== INSTRUCTIONS TO FOLLOW ==
The pictures in the listing below are to be skipped, while the lines between the line holding "Aerial view, rocky" and the line holding "Czarna plisowana spódnica", inclusive, are to be output exactly.

== RECORDS SUPPLIED ==
# # # #
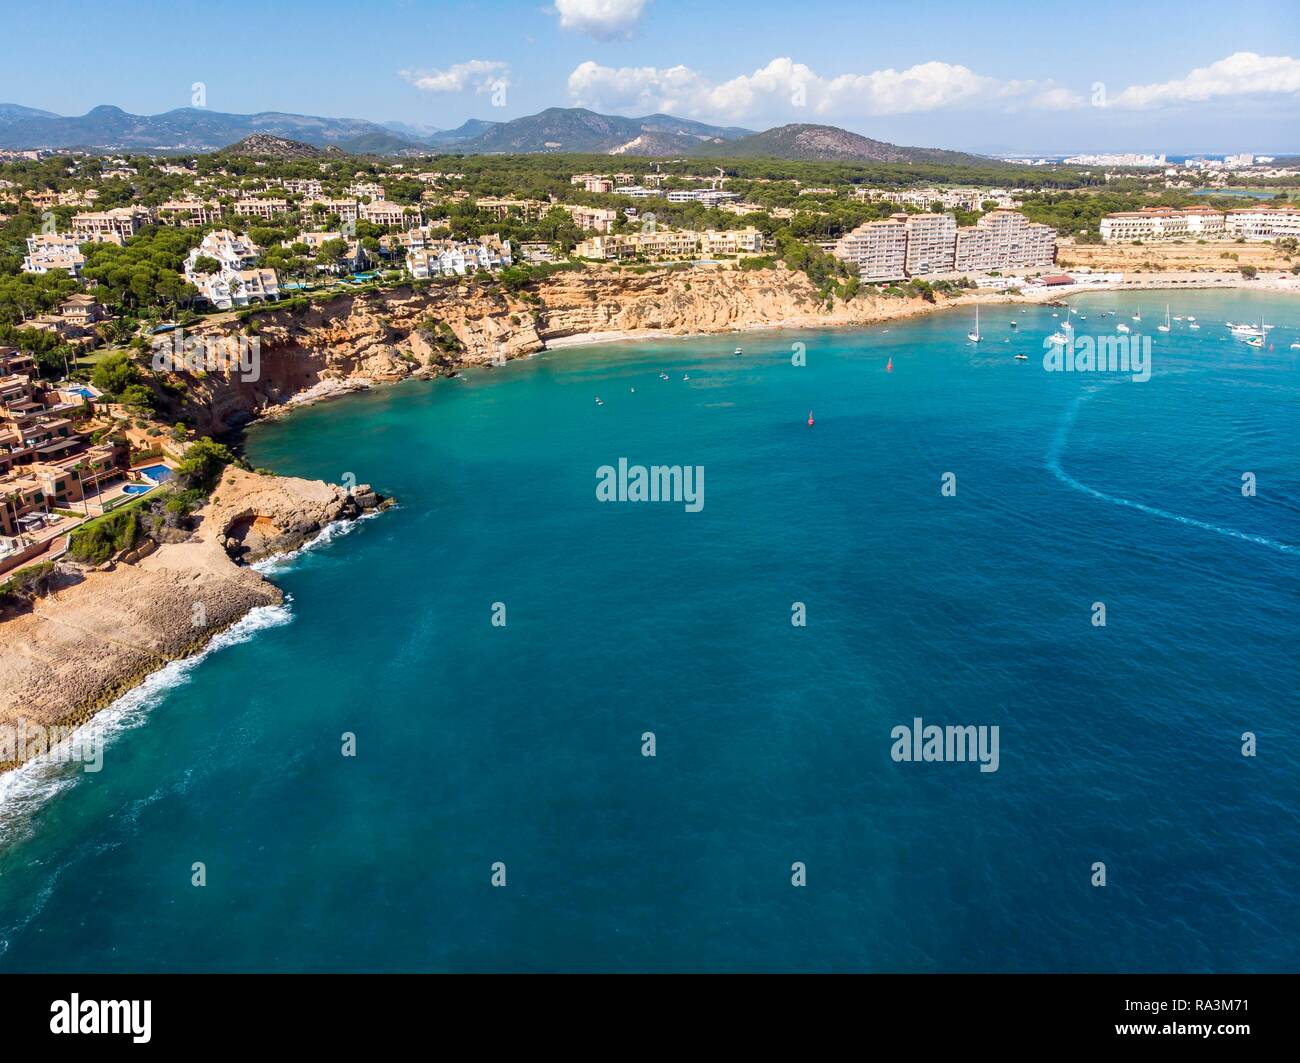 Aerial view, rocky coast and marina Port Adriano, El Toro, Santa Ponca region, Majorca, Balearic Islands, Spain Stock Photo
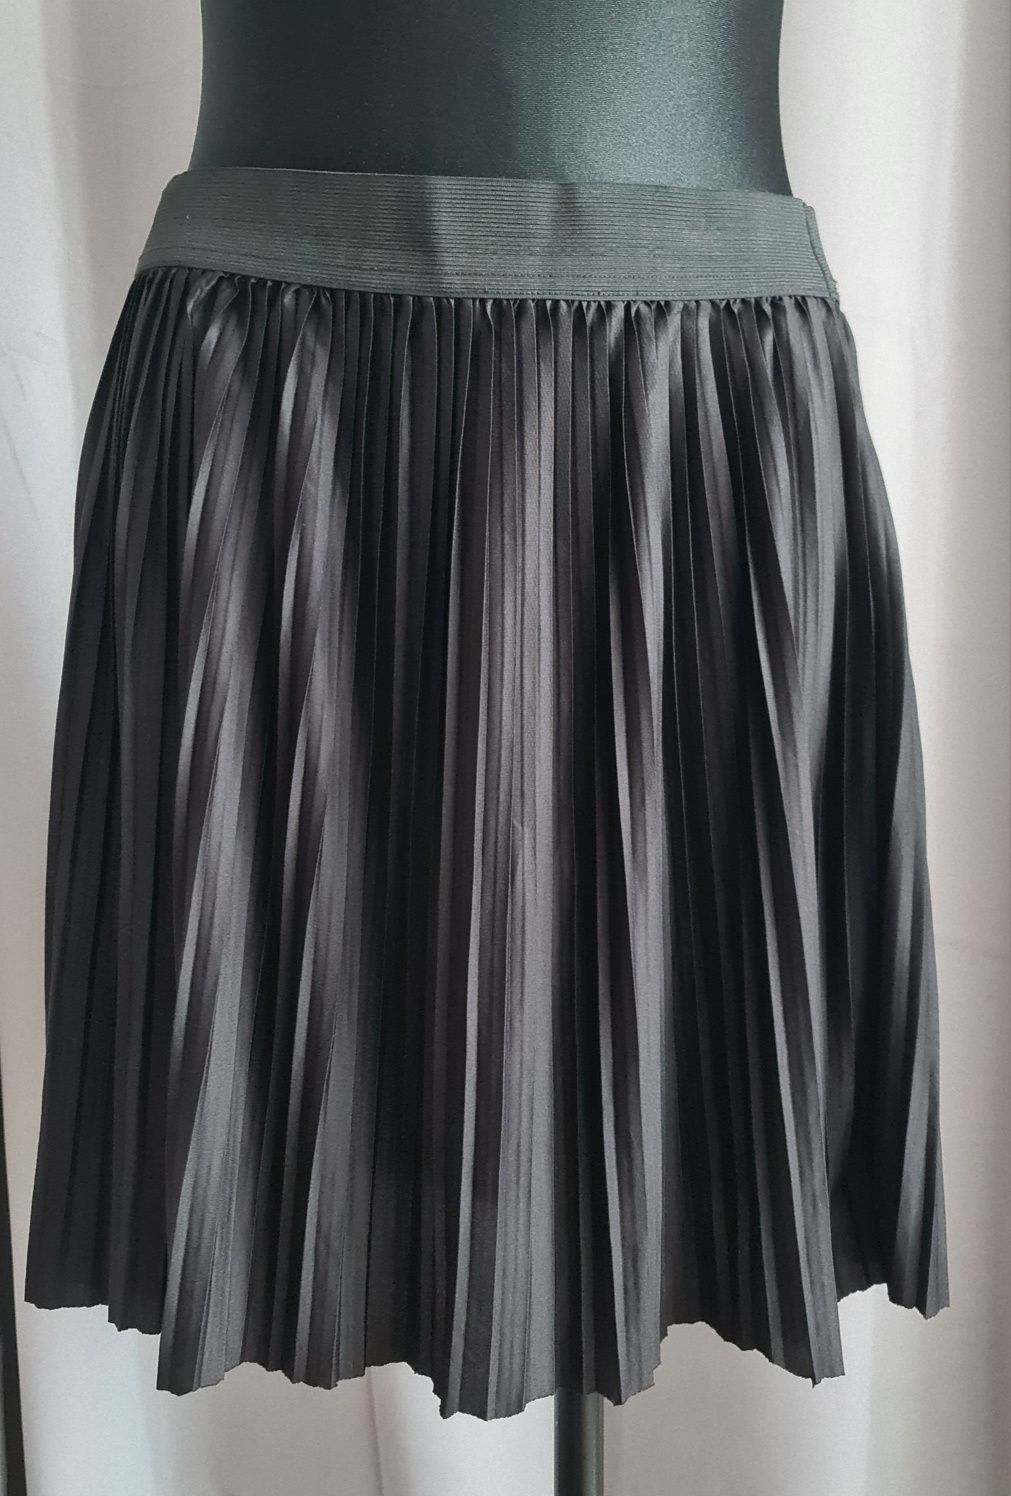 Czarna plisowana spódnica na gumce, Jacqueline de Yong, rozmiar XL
# # # #
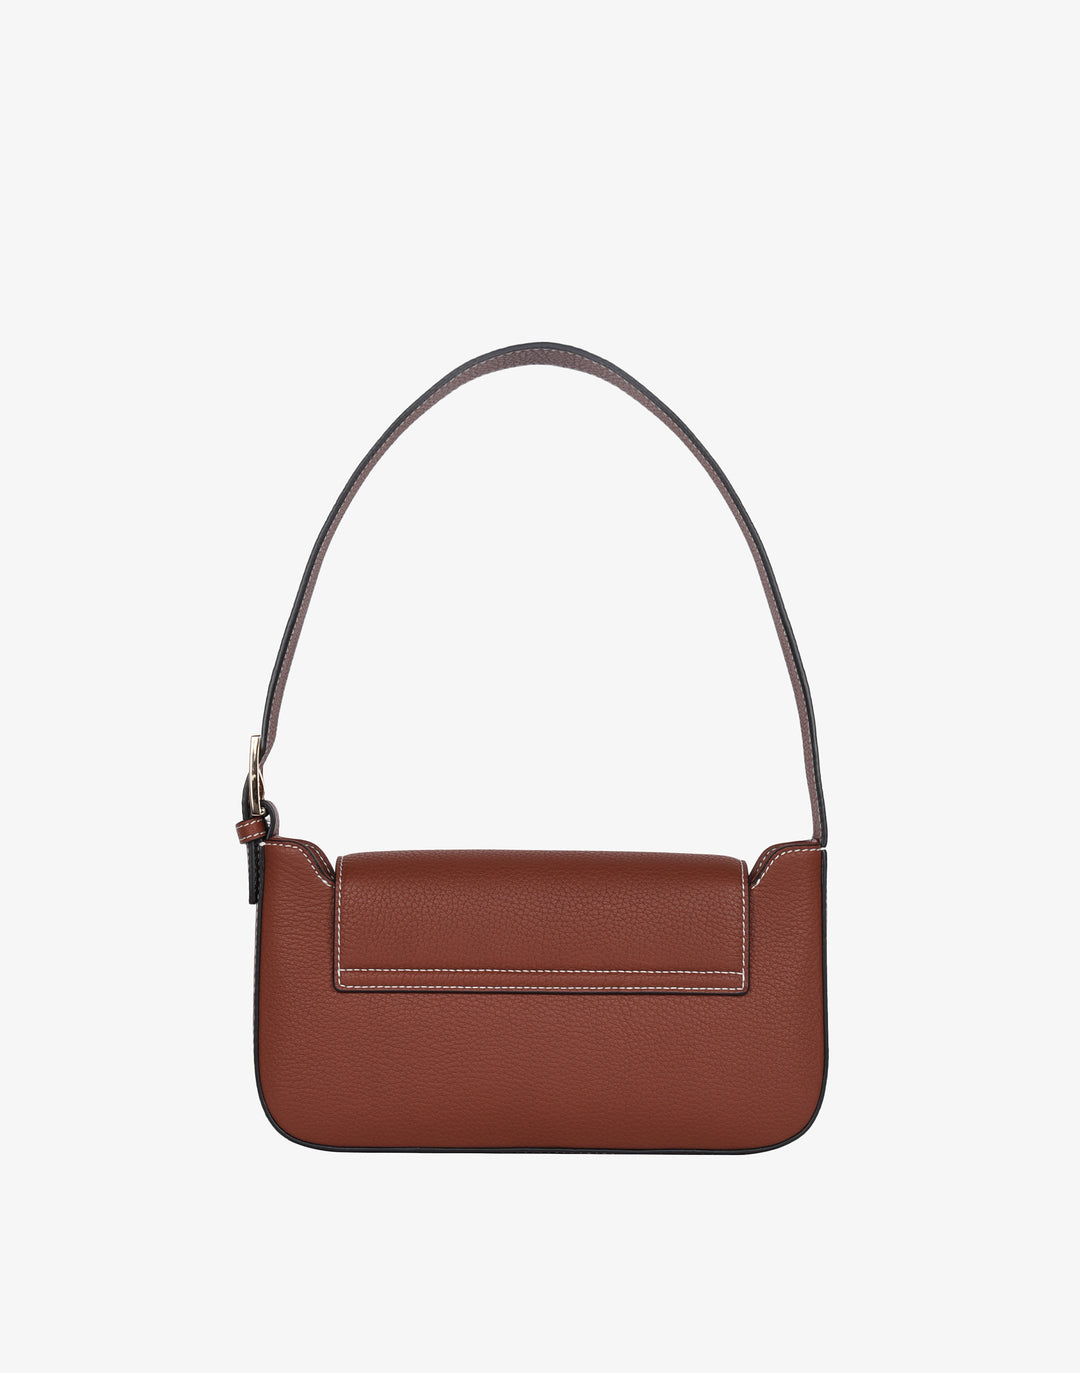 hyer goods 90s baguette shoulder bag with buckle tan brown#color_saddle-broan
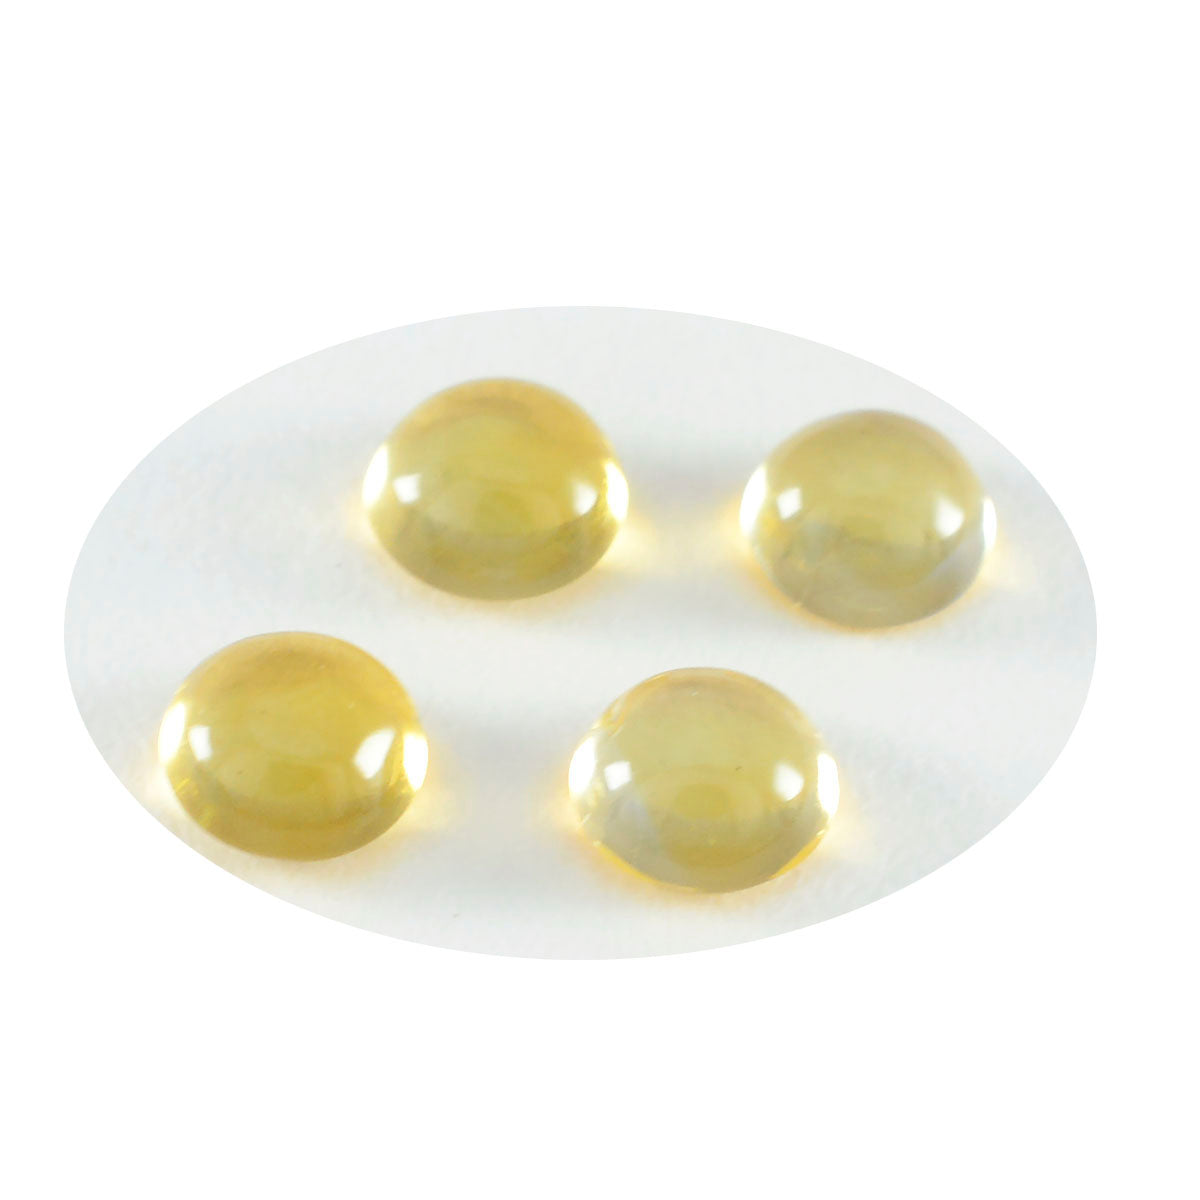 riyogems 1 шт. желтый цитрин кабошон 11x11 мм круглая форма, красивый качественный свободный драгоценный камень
# # # #
== YOUR RESPONSE ==
 Aerial view, rocky coast and marina Port Adriano, El Toro, Santa Ponca region, Majorca, Balearic Islands, Spain Stock Photo
 Czarna plisowana spódnica na gumce, Jacqueline de Yong, rozmiar XL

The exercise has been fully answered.